Need for the Digital Tax
• The present taxation system has loopholes that global technology giants such as Facebook use to reduce their corporate taxes.
• For cutting their tax bills Tech companies book their profits in low-tax countries regardless of the location of the end customer.
• Ever growing and rapid digitization created a need for countries to develop a framework to regulate and to get a ‘fair’ share of taxes from the revenues generated by such businesses.
• Loss of revenue for some governments: According to the Organisation for Economic Growth and Development (OECD) estimate in 2015, the present taxation system has cost governments up to $ 240 billion.
Progress Made in this Direction
• The OECD first released an ‘Action Plan’ to address the challenges of the digital economy.
• Since then the organization has been working relentlessly with an intention of developing the consensus based long term solution by 2020.
• In 2019, the OECD released a document to provide an update on the proposed solution to deal with tax aspects arising on account of the digital economy.
• Earlier in 2019, countries and territories agreed a roadmap aimed at overhauling international tax rules, which have been overtaken by development of digital commerce.
• In June 2019, G20 nations have agreed to push ahead on compiling common rules to lock tax havens’ door for tech giants.
• Steps taken by India
– Since 2016, India has been imposing Equalization Levy at a rate of six per cent on the payments made by Indian businesses to non-residents providing digital advertising services.
– In 2018, India recognized virtual presence as constituting nexus for the purpose of asserting taxing rights and introduced the concept of Significant Economic Presence (SEP) in its tax laws.
Do You Know?
The SEP is defined based on certain revenue and user thresholds, that remains to be prescribed.
Arguments in Favour
• The move will rationalize the international taxation system, to suit the needs of digital economy.
• Updating of corporate tax code would be in congruence of the spirit of OECD’s Base Erosion and Profit Shifting (‘BEPS’) guidelines.

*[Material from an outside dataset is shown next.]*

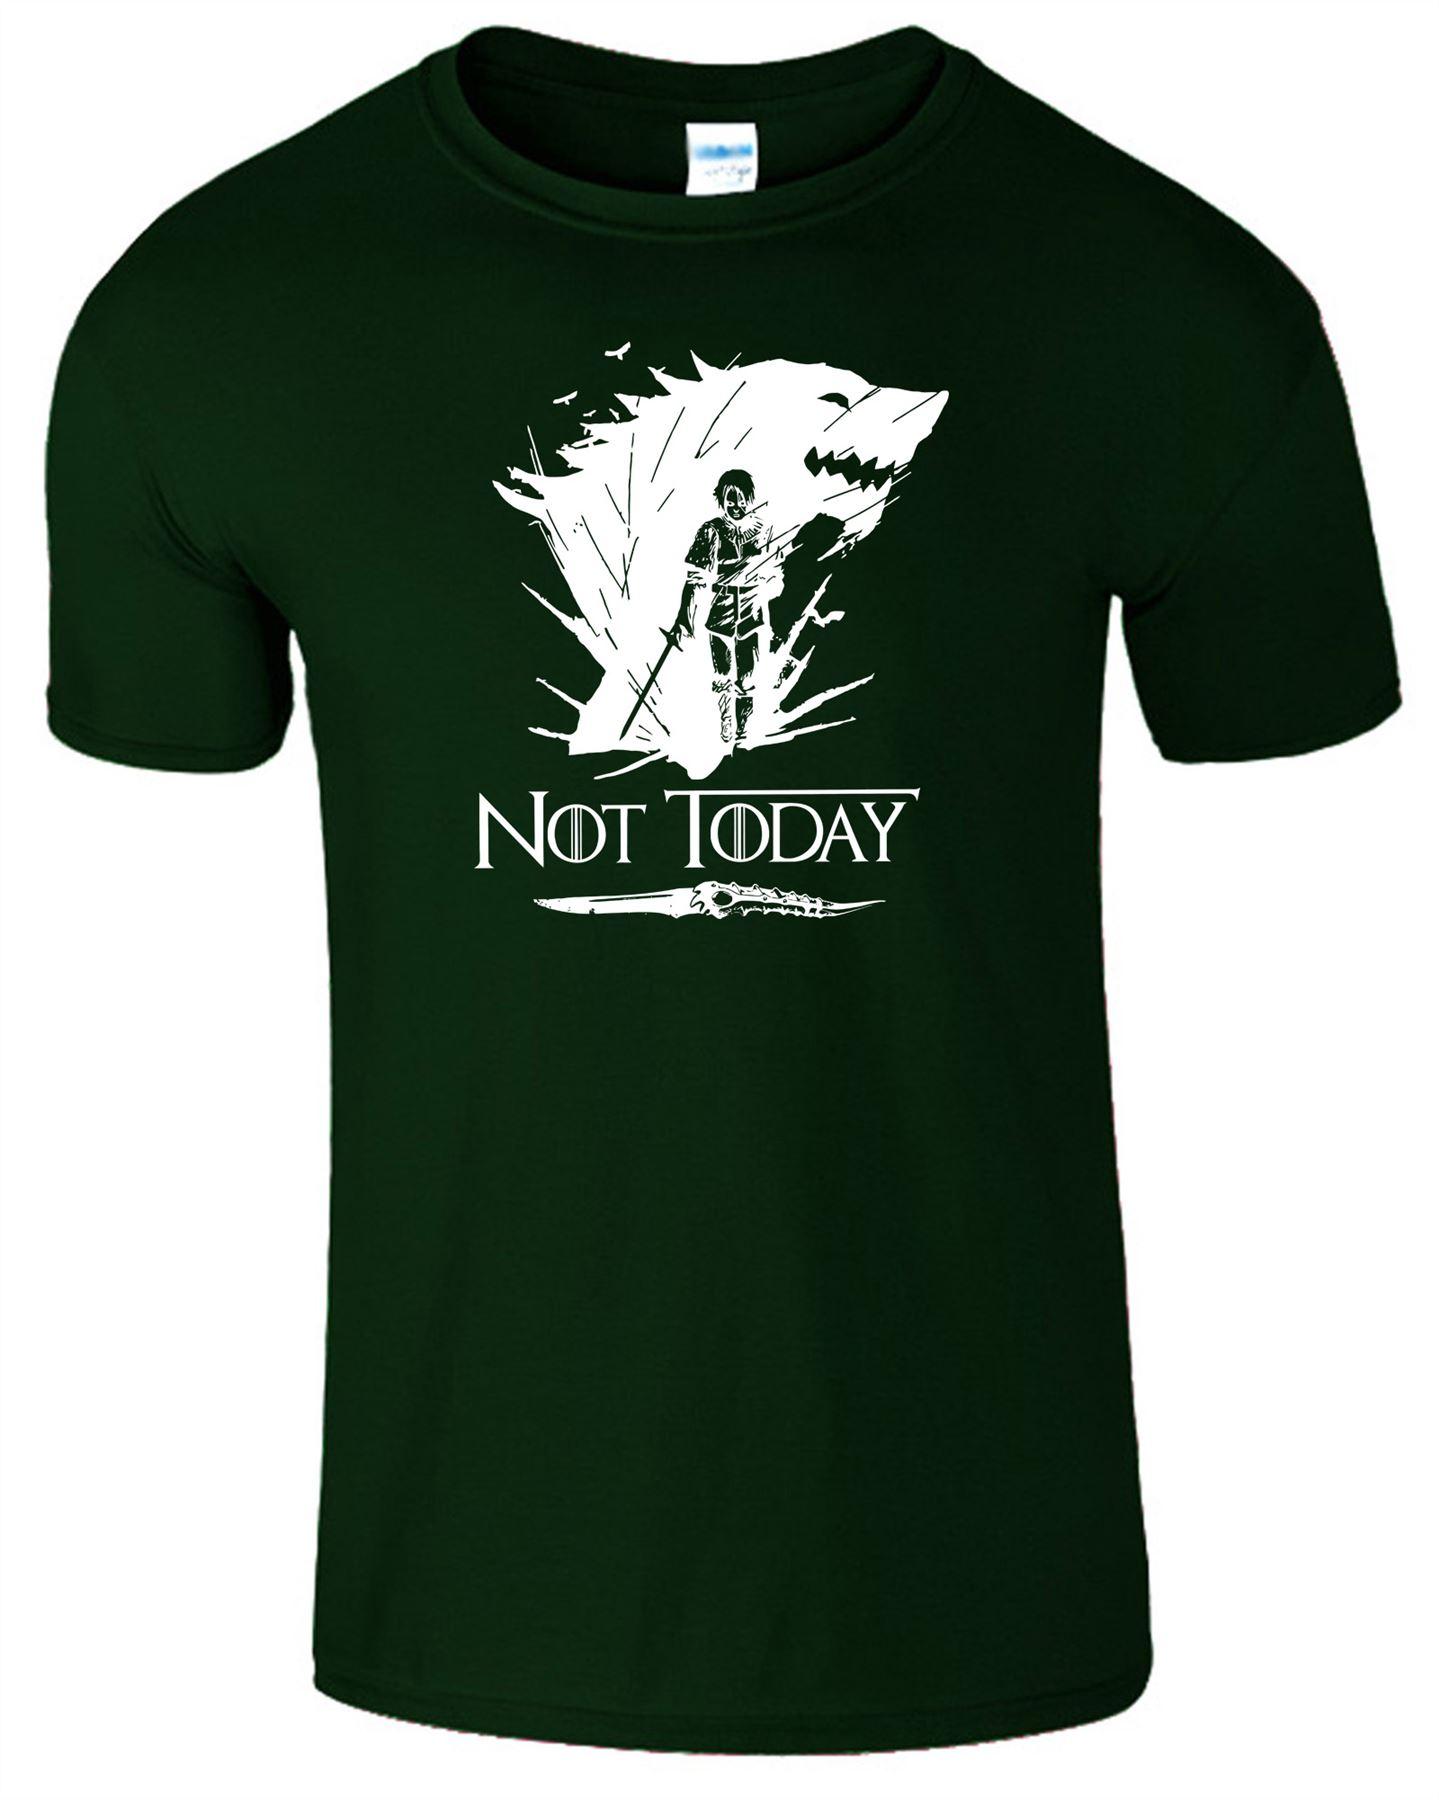 Arya-Stark-Not-Today-T-Shirt-Mens-Game-Season-Womens-Shirt-Adults-Unisex-Fit Indexbild 14

• This can potentially have far-reaching consequences for India as well, as it has one of the largest internet users in the world.
• The new rules mean higher tax burdens for large multi-national firms.
• It will make more difficult for countries like Ireland to attract foreign direct investment with the promise of ultra-low corporate tax rates.
G20’s debate on Changes to the Tax Code Focus on Two Pillars
• First pillar: Dividing up the rights to tax a company where its goods or services are sold even if it does not have a physical presence in that country.
• Second pillar: If companies are still able to find a way to book profits in low tax or offshore havens, countries could then apply a global minimum tax rate to be agreed upon.
• With newer technologies such as blockchain, virtual reality and artificial intelligence on the rise, the pace of digitalization is only going to accelerate. Any new legislative enactment must be fully considered, and its broader impact fully evaluated, before being implemented.
• The OECD believes that a consensus-based solution is the ideal solution since unilateral measures by countries lead to unintended double taxation or double non-taxation among other undesirable results.